Drones offer view from above

First-person view is latest trend in hobby of radio-controlled aircraft

Jonathan Reichert keeps drones away from buildings

In the blink of an eye and the flip of a switch, for a few hundred dollars, anyone can enter the drone’s world.

First, it takes some hours of hands-on flying, when the hobbyist works the remote controls and learns how to fly a model airplane, and what earth looks like a few hundred metres up in the sky.

Once you can do that, responsibly and competently, it’s time sit down and strap on the goggles.

That’s when you learn what it’s like to be a drone.

With the live video feed from the drone’s camera showing on the goggles, drone pilots enter another world.

You have to sit down when doing so because you can get dizzy following the flight path and the sharp turns and dizzying ascents and descents.

It’s called first-person view, and it’s the latest trend in the hobby world of radio-controlled aircraft.

Flying a model without video “gets old really quickly,” says hobbyist Jonathan Reichert.

“Then you put the goggles on you see all kinds of really cool stuff.

“I put the goggles on and started creeping into the trees, oh man, it’s an unreal experience.”

Flying with first-person view, or video piloting, allows close-up views of objects that a ground-bound pilot could never hope to see.

One time, Reichert was able to hover up to an eagle in a tree-top for a close-up view.

In another recent video he posted on his YouTube channel, he flew his drone above fog patches to capture awesome shots of Maple Ridge scenery.

And with the advantage of live video feed, it’s much easier to judge depth perception and avoid crashing into objects.

Reichert has been flying remote control model airplanes for about four years and has about 20 planes.

He now has two drones, too. But still splits his time equally between the airplanes and drones.

One of his favourite model airplanes is a DC-3, decked out in wartime colours as used during the D-Day invasion in June 1944.

Another is favourite is a model of a Super Cub Bush Plane.

“The full-sized ones can land on the tops of mountains.”

He’s only been flying drones, which zip around in any direction, up and down, forwards and backwards, like a UFO, for about a year.

One of his two drones is a quad-copter, in the 450 category, an alien-looking contraption that has four motors that separately power four carbon-fibre propellers.

The central processing unit decides how much power goes to each engine, which controls direction.

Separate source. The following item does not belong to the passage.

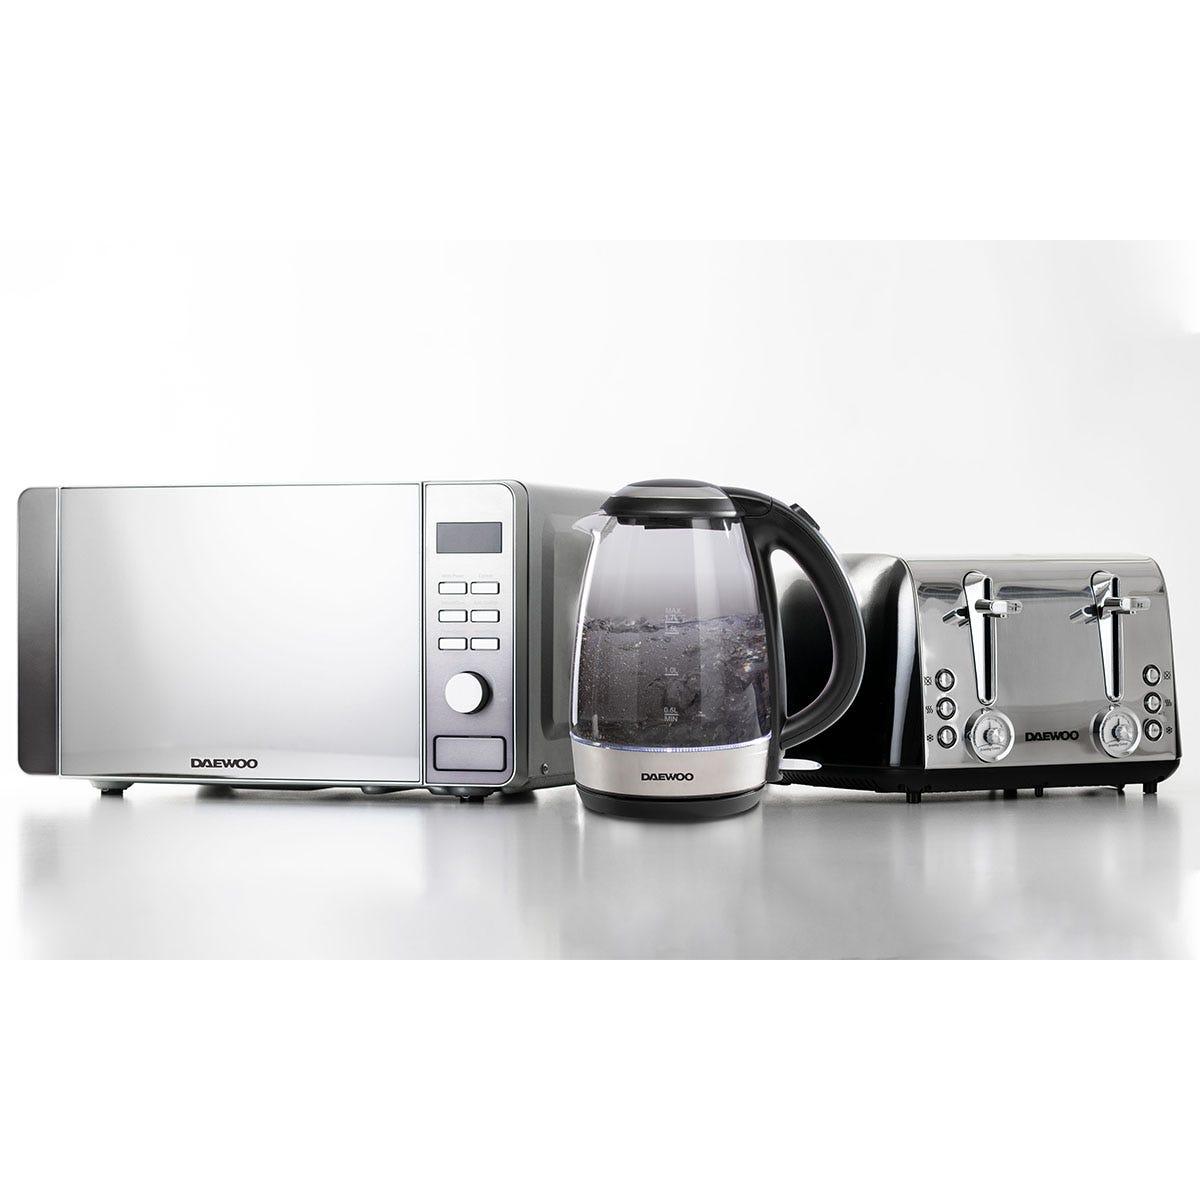 Daewoo Callisto SDA1992GE 1.7L Glass Kettle, Callisto SDA1839GE Retro 4-Slice Toaster, and Callisto SDA1873GE 20L Microwave Bundle - Silver

The remote control device controls the computer.

There are few moving parts.

“What you see is what you get,” Reichert says.

With the radio and drone combined, the total cost for a beginner is about $500.

Reichert says the drone’s range is about 40 kilometres, using video piloting.

Doubling up on the battery pack can increase flying time to about 18 minutes.

Attaching a gimble to the underside can allow him to use a Go-Pro video camera for greater picture quality.

The hobby’s low costs could be why many pilots crash their drones by overflying their abilities before mastering the basics.

Drone models were one of the hottest items this Christmas, which leads to “thousands of people crashing them on Christmas day.”

While there are no laws yet regulating drone flying, Reichert follows Transport Canada guidelines, which require drones to keep at least 150 metres from buildings, cars or people.

That’s why he does his flying in quiet areas, such as over Kanaka Creek Regional Park.

However, after getting all the required approvals, he did take to the air during Maple Ridge’s birthday celebrations last summer to record the celebrations from above.

Most people didn’t even know the drone was there.

Responsible flying is the key, he says. He’d never bring his drone close to a building, auto or person, for privacy and safety reasons.

Should a hiker encounter his drone on a trail buzzing nearby, “you’d have right to punch it out of the air and smash it to pieces.”